You can download mobile app myChevrolet to check your vehicle’s status and locate the car using a remote key fob.
If you go into the OnStar icon, you can access the car’s infotainment system and select Wi-Fi settings. Up to seven laptops and smartphones can connect to the network within a 50-foot range of the car.
The Connected Access also enables vehicle diagnostics, dealer maintenance notification, and other features. In-vehicle apps that you can download include the Weather Channel, USA Today, People Magazine, the Wall Street Journal, audiobooks, and more. The version I used also had SiriusXM Satellite Radio, which offers a much wider range of content.

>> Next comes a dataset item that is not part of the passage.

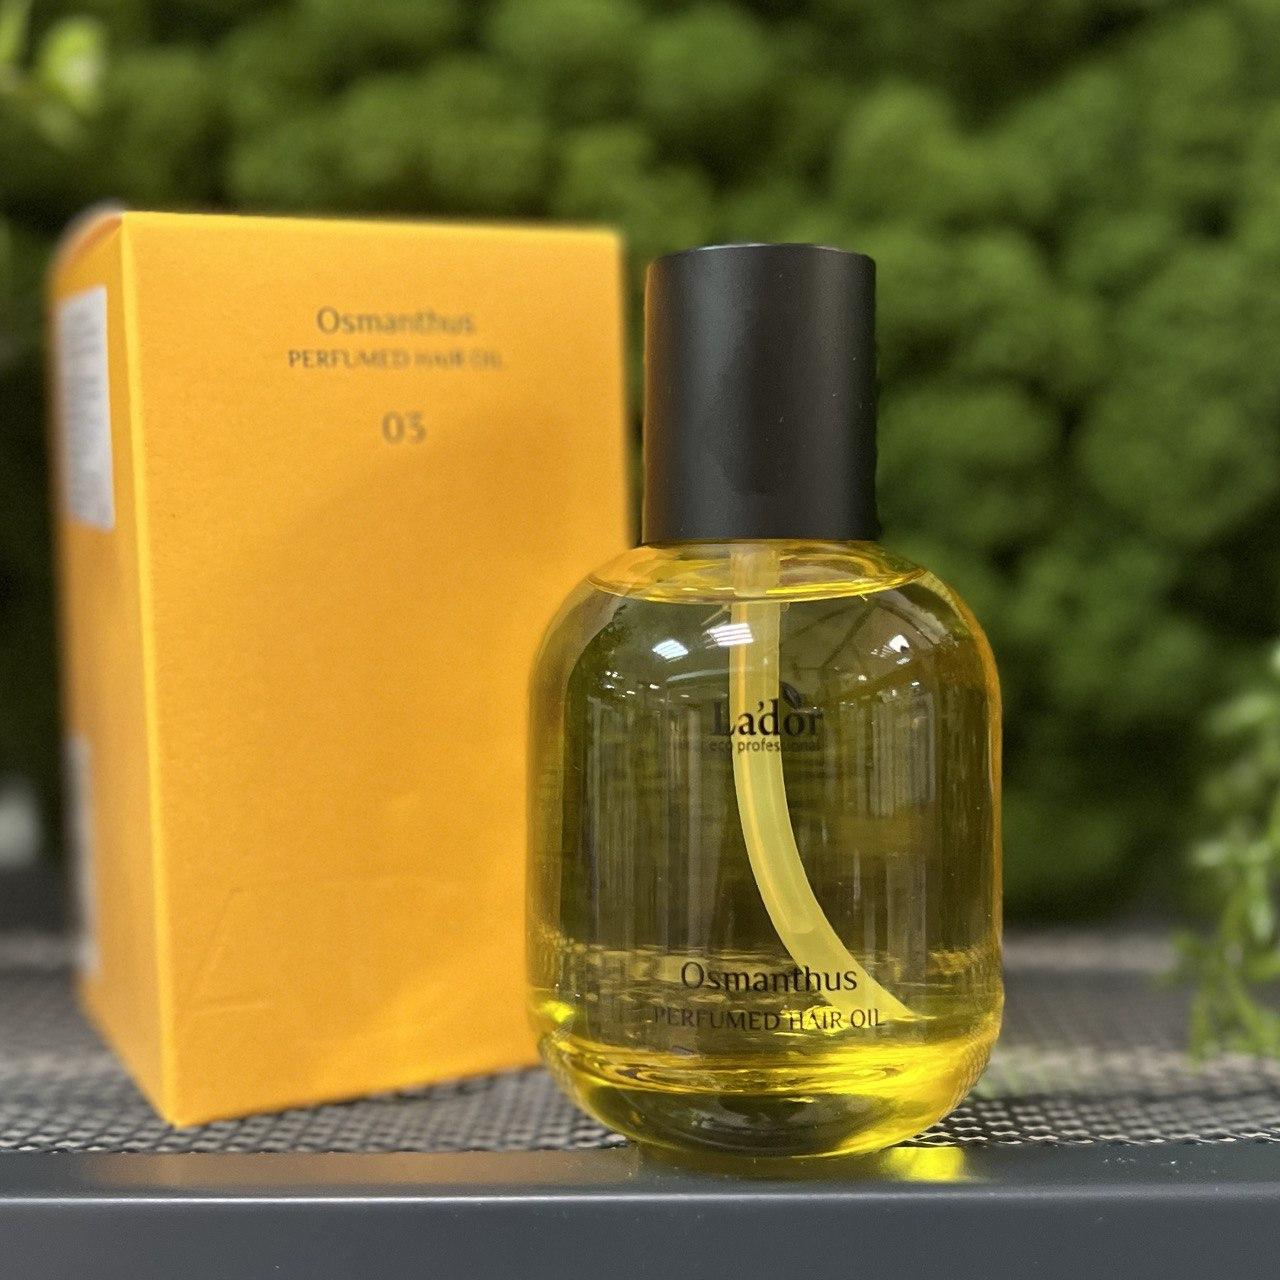 Восстанавливающее парфюмированное масло для волос Lador Perfumed Hair Oil 03 Osmanthus 80мл

Safety and comfort features
The car has an optional OnStar safety and security system, as well as automated crash response. If the car’s cameras detect that you are approaching a vehicle too quickly, it will flash a red light and slow your car with automated emergency braking. The brakes will be automatically applied if the sensors detect either a pedestrian or another vehicle.
The Bolt EV also has lane-departure warnings, so if you get drowsy and start to drift, the car will nudge you awake and shift back into its lane.
The car also has a blind-spot monitor. If someone is driving in your blind spot, cameras on the car will fire up an orange light on the mirror. The Bolt EV includes roadside assistance provided by Allstate, stolen vehicle assistance, and the ability to make emergency services calls for you if you have an accident.
The car does not have power-adjustable seats, but there are 10 air bags in the car, and it has a standard rear-vision camera and tire-fill alert, as well as rear park assist. Surround vision and rear camera mirror are standard on the Premier version.
Worth the price?
The price is pretty good compared to rivals like the Nissan Leaf SL Plus, and the car is priced about the same as the $36,550 standard Nissan Leaf. The Bolt EV has enough range to get you from San Jose to San Francisco roundtrip without fear that you’ll run out of electric power. If you can figure out how to get this kind of car at a discount, it would be a decent deal. And you can feel good knowing you won’t be emitting greenhouse gases into the environment.
Beyond that, the car drives fast, feels smooth, and it is designed for comfort and safety. What’s not to like?